5 is a support member that supports the core 3 by positioning it at the axial center inside the casing 2; 6 is the casing 2 and the core 3;
8 is a dust collection chamber equipped with, for example, a bag-type dust collection filter, and 12 is equipped with a suction device to suck out dust D. The suction wheel 13 that accommodates and transports the powder is a suction pipe that connects the powder hopper cutting device and the suction wheel 12.

Next, the operation of the powder hopper cutting device (hereinafter referred to as the cutting device), which is an embodiment of the invention shown in FIGS. 1 to 3, will be described.
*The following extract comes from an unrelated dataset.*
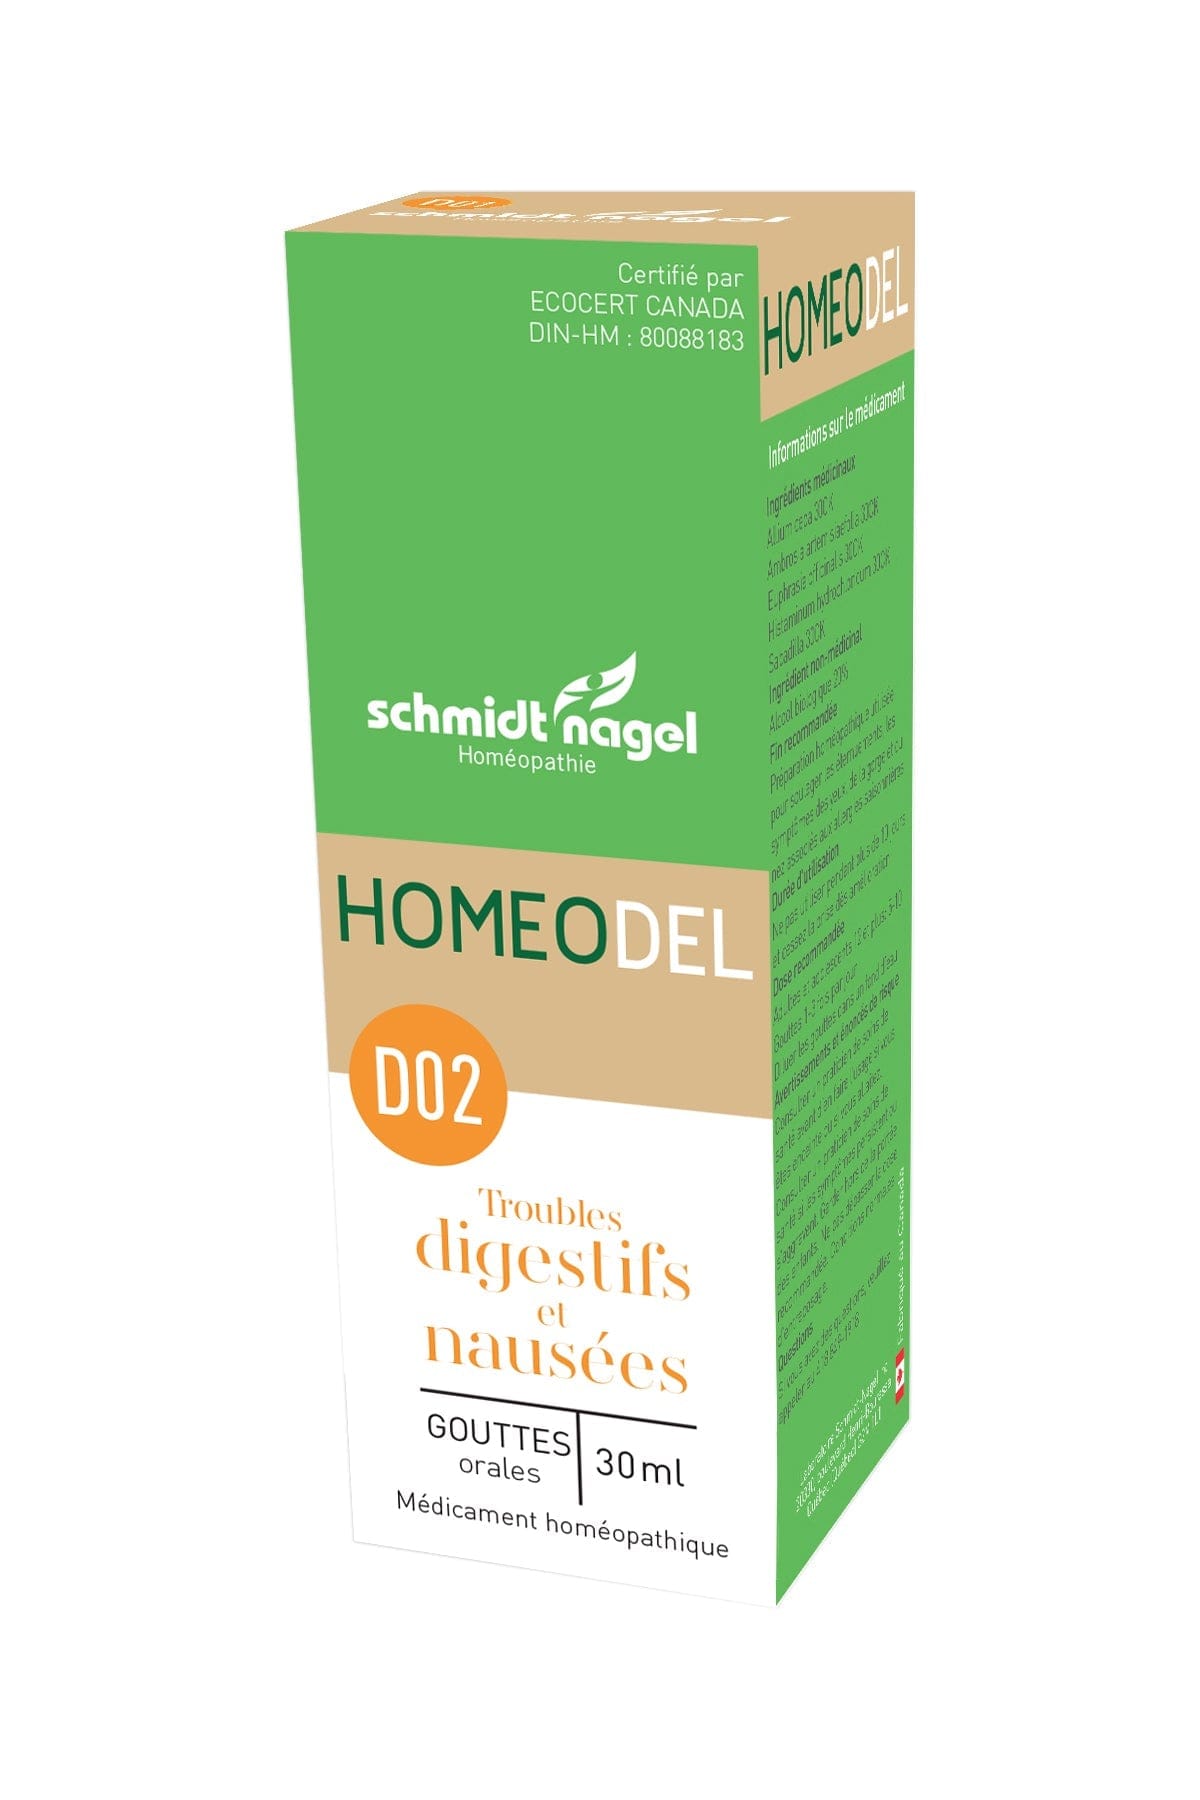 HOMEODEL Suppléments Homeo D02 (trouble digestifs et nausées) 30ml

First, connect the suction port 2A of the cutting device to the suction tube 1.
3 to the suction wheel 12, and after starting the suction operation of the suction wheel 12, the on-off valve 11 is opened and the on-off damper 10 is opened. The dust D collected in the dust collection chamber 8 and stored in the hopper 9 is suctioned into the casing 2 from the hopper 9 through the opening/closing damper 10 of the cutting section 1 through the slit-shaped inlet 4 arranged in parallel. . A part of the dust D that has flowed in is stirred and mixed by the air flowing in from the air introduction pipe 7 and is conveyed toward the suction port 2A. Furthermore, part of the dust D that has flowed in from the inflow port 4 is transferred to the core 3.
The air collides and scatters on the outer peripheral surface of the air, mixes with the incoming air, and is conveyed toward the suction port 2A. Furthermore, core 3
A small amount of dust D continues to flow along the outer peripheral surface of
The air is stirred and mixed with the incoming air in the casing 2 below the core 3, and then transported toward the suction port 2A.

Even if a large amount of dust D falls down and fills the bottom of the cutting section 1, while suction is being performed,
The dust D is suctioned into the donut-shaped flow path formed by the casing 2 and the core 3 little by little from the parallel slit-shaped inlets 4, and can be transported while being stirred and mixed with the air. Therefore, the donut-shaped flow path is not blocked, and the dust D is continuously and smoothly transported by air.

The partition plate 6 prevents the molded part of the inlet 4 from being deformed when a large amount of dust D falls onto the casing 2, and also improves the agitation and mixing of air and dust D within the donut-shaped channel. .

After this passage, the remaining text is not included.